WHAT YOU NEED TO DO: Since the copy must hold text only, transcribe the data below exactly and omit the images.

DATA SHOWN:
=====
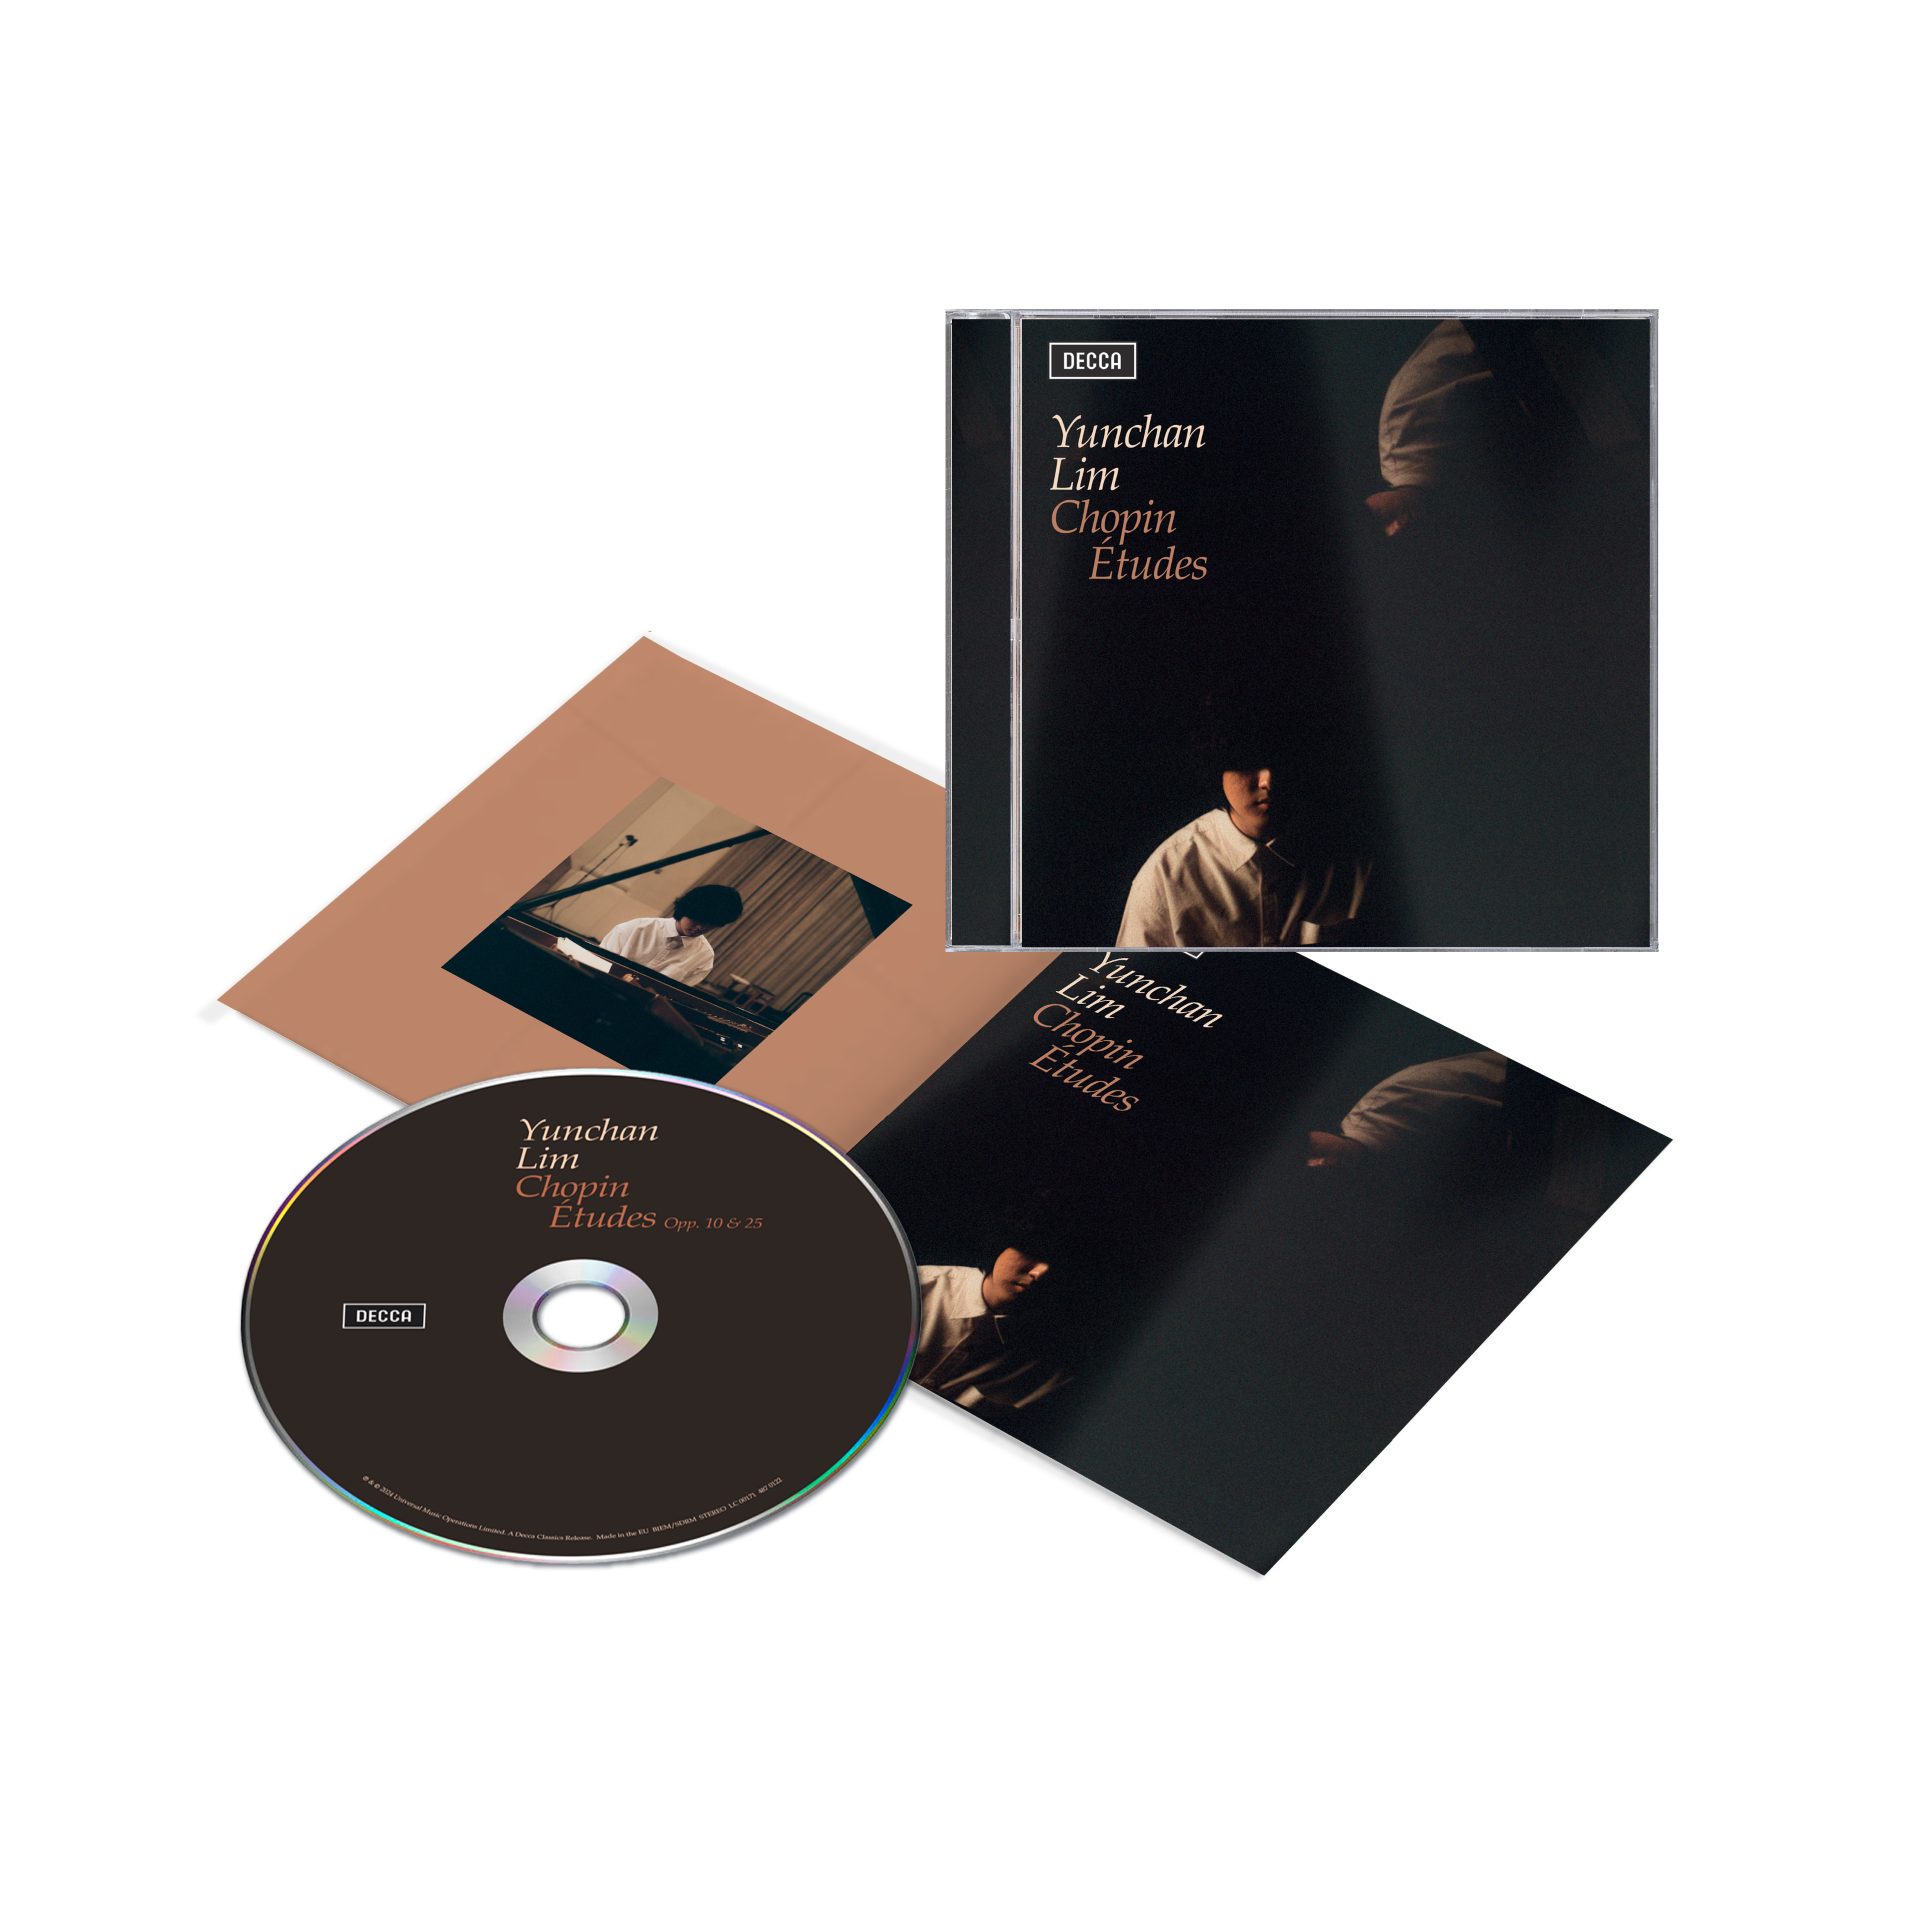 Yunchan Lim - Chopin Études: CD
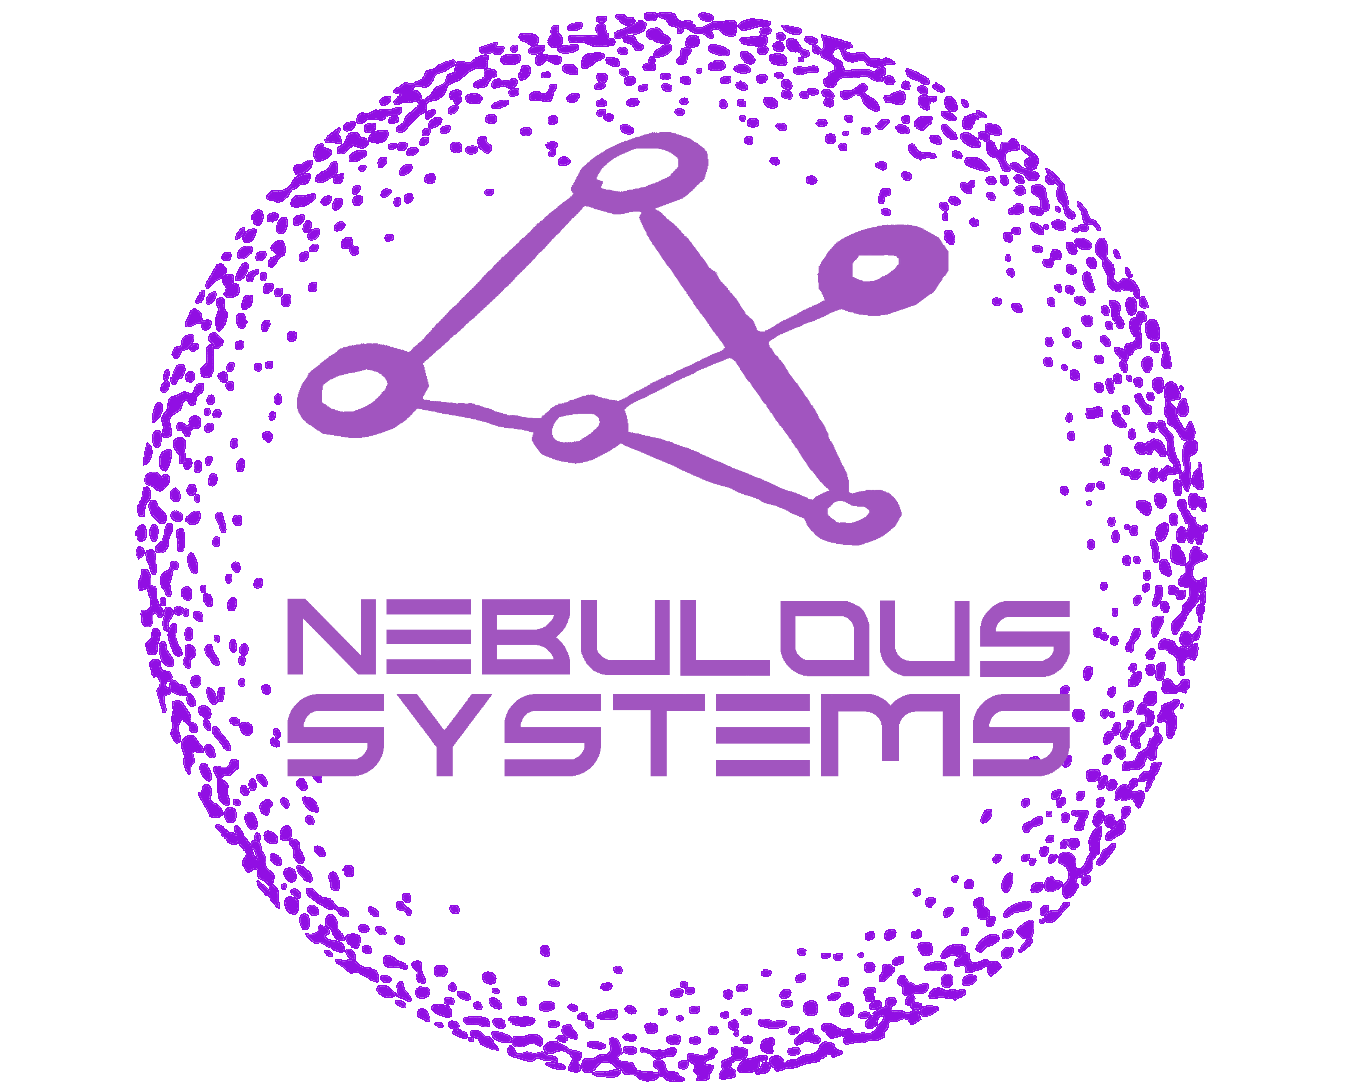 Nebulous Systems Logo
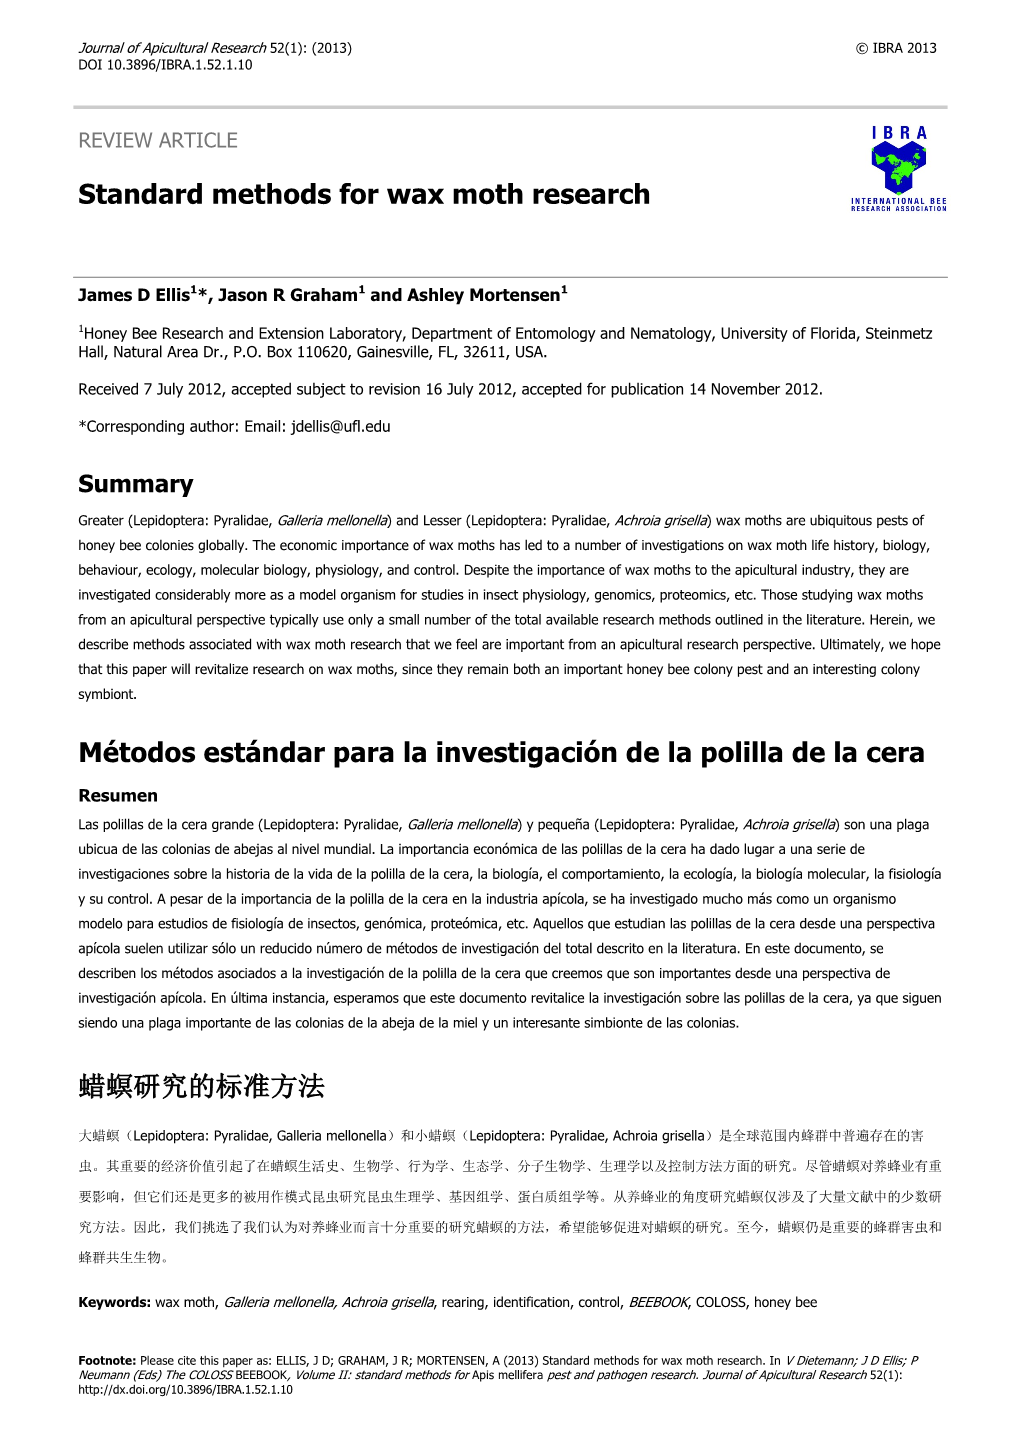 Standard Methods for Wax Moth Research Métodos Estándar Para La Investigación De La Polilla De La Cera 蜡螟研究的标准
=====
TASK RESPONSE:
 Yunchan Lim - Chopin Études: CD
 Nebulous Systems Logo
 Standard Methods for Wax Moth Research Métodos Estándar Para La Investigación De La Polilla De La Cera 蜡螟研究的标准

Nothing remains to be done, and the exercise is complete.